Thursday, May 25, 2006

20060525 Be It Ever So Humble

My home is a tiny efficiency cabin consisting of a living/sleeping area, a kitchen, and a bathroom. I share it with Travis, a law enforcement ranger in his first season with the Park Service. The walk to the auditorium, where our classroom training sessions take place, takes about three minutes.

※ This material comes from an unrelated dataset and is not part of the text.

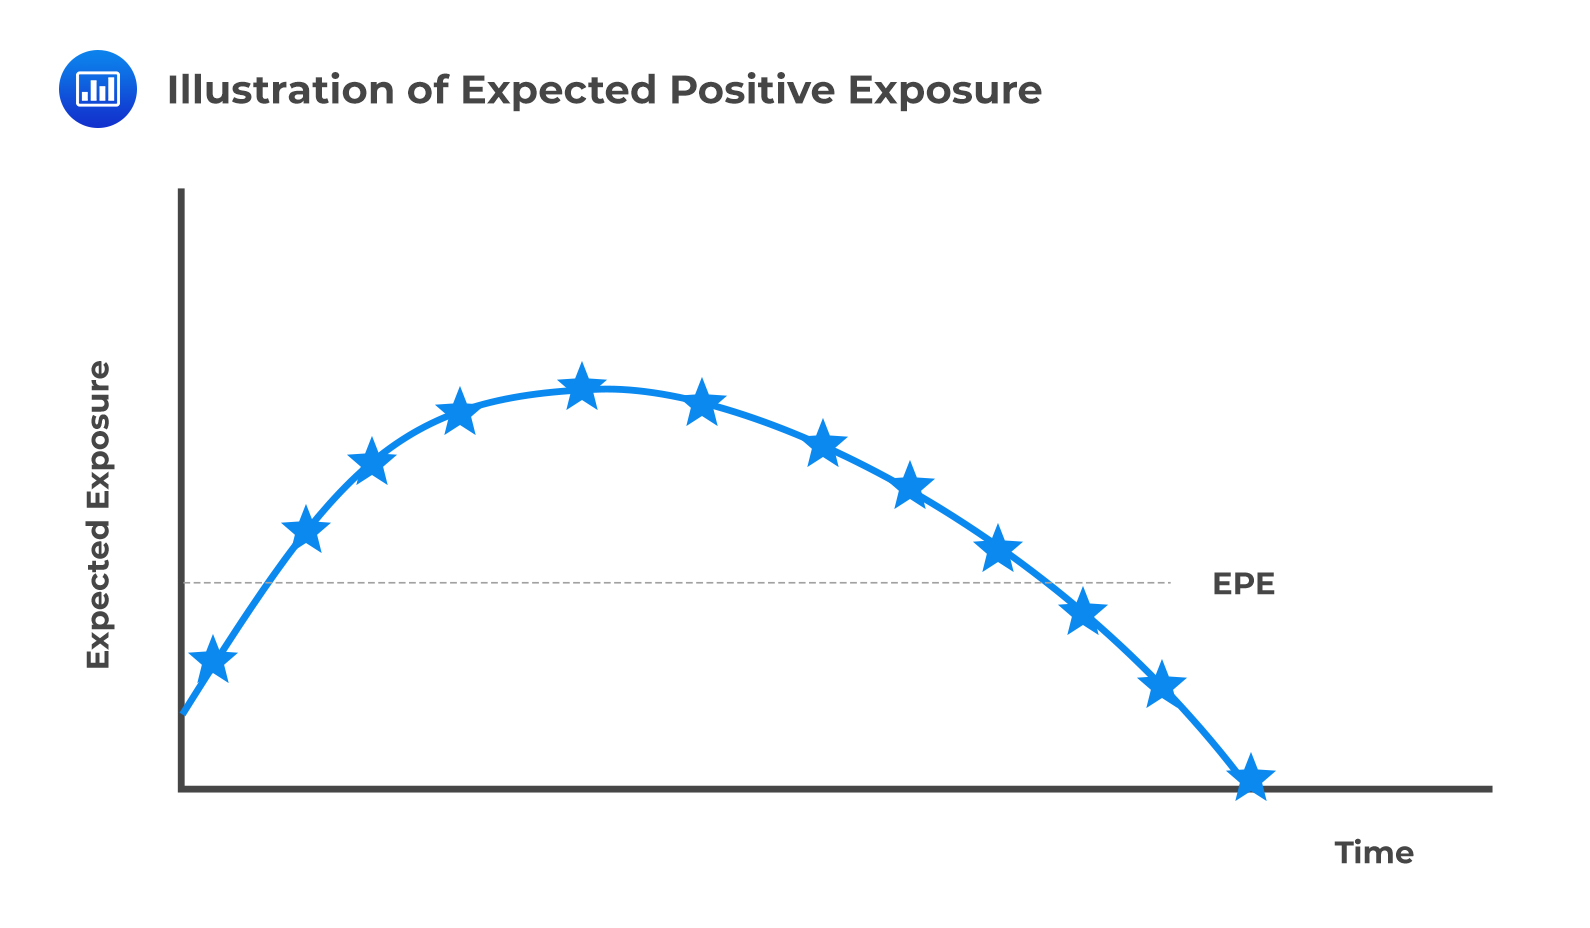 Illustration of the Expected Positive Exposure
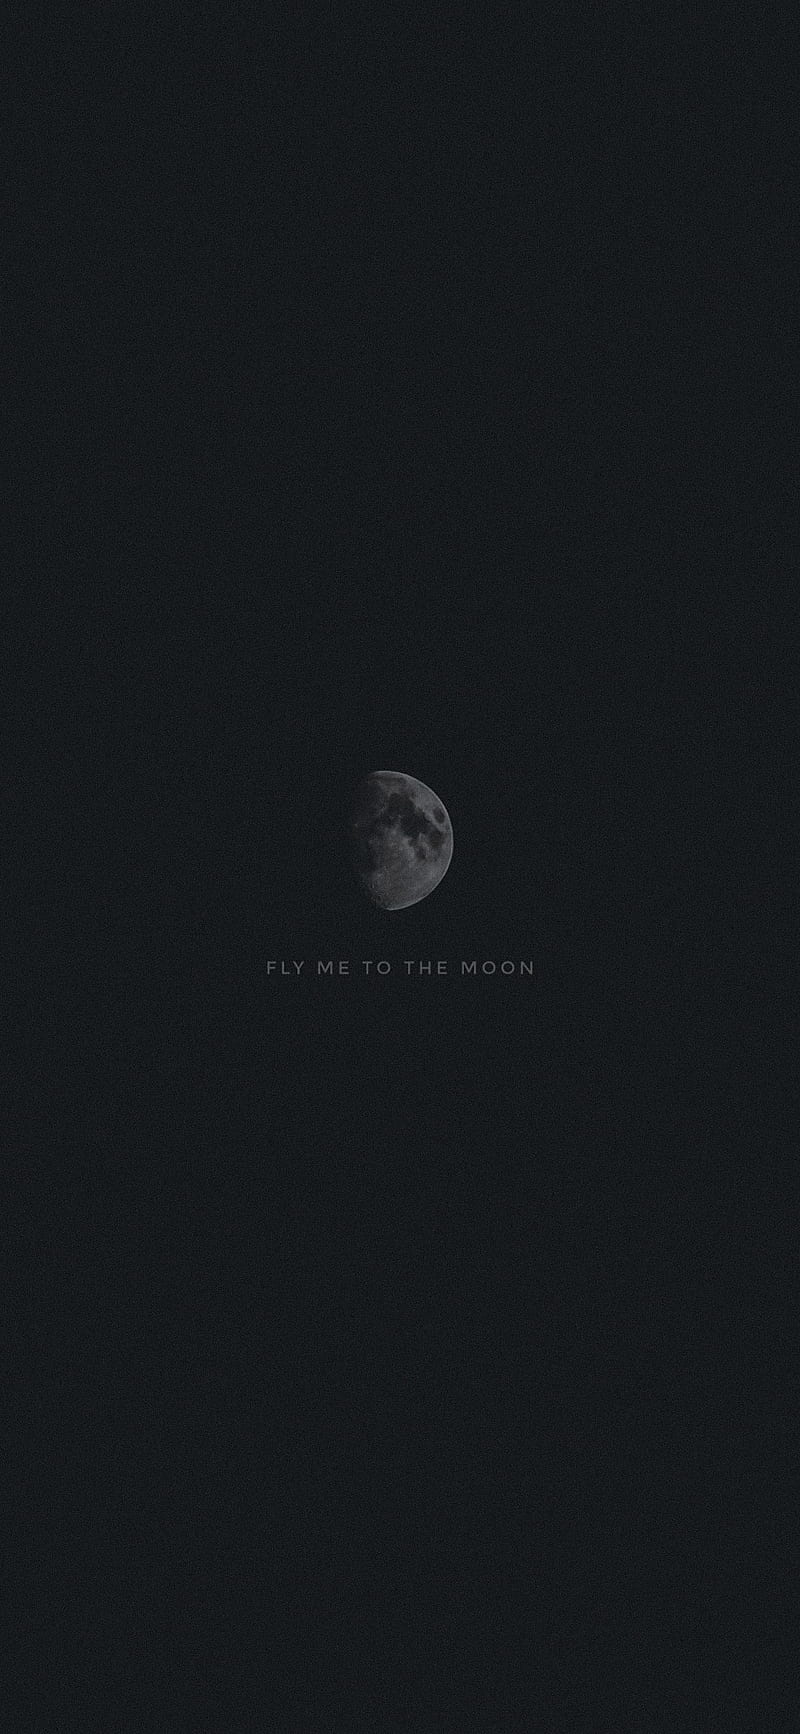 Fly me to the moon wallpaper - Moon, galaxy

Today we learned a little bit about the lifeways of native peoples in the Brooks Camp area. Native peoples lived here for over 4000 years, though perhaps not continuously. They fished, hunted for caribou and other mammals, and ate local plant material. At least some of them lived in semi-subterranean homes known as barabaras. We visited a number of barabara sites this morning, including a partial reconstruction. An excavation 3-4’ deep was lined with split cottonwood limbs arranged vertically. Within this low wall four heavy timbers supported a roof structure. The roof and walls were lined with sod, brush, and sometimes gravel. The entrance was a semi-tunnel, dug lower than the floor of the main room. This design kept the heat from escaping through the entrance. Heat and light came from a fire or from an oil lamp. The lamp would be a large cobblestone worked to create a basin. Wicks could be fashioned by rolling moss between the fingers. Barabaras came unfurnished. Occupants sat on the floor against the wall.

I am neither native nor planning to stay for over 4000 years—I’ll be here about four months. Until today I believed I was really roughing it, what with shared quarters, no telephone, and no stores nearby. Now I understand that my home is luxurious indeed.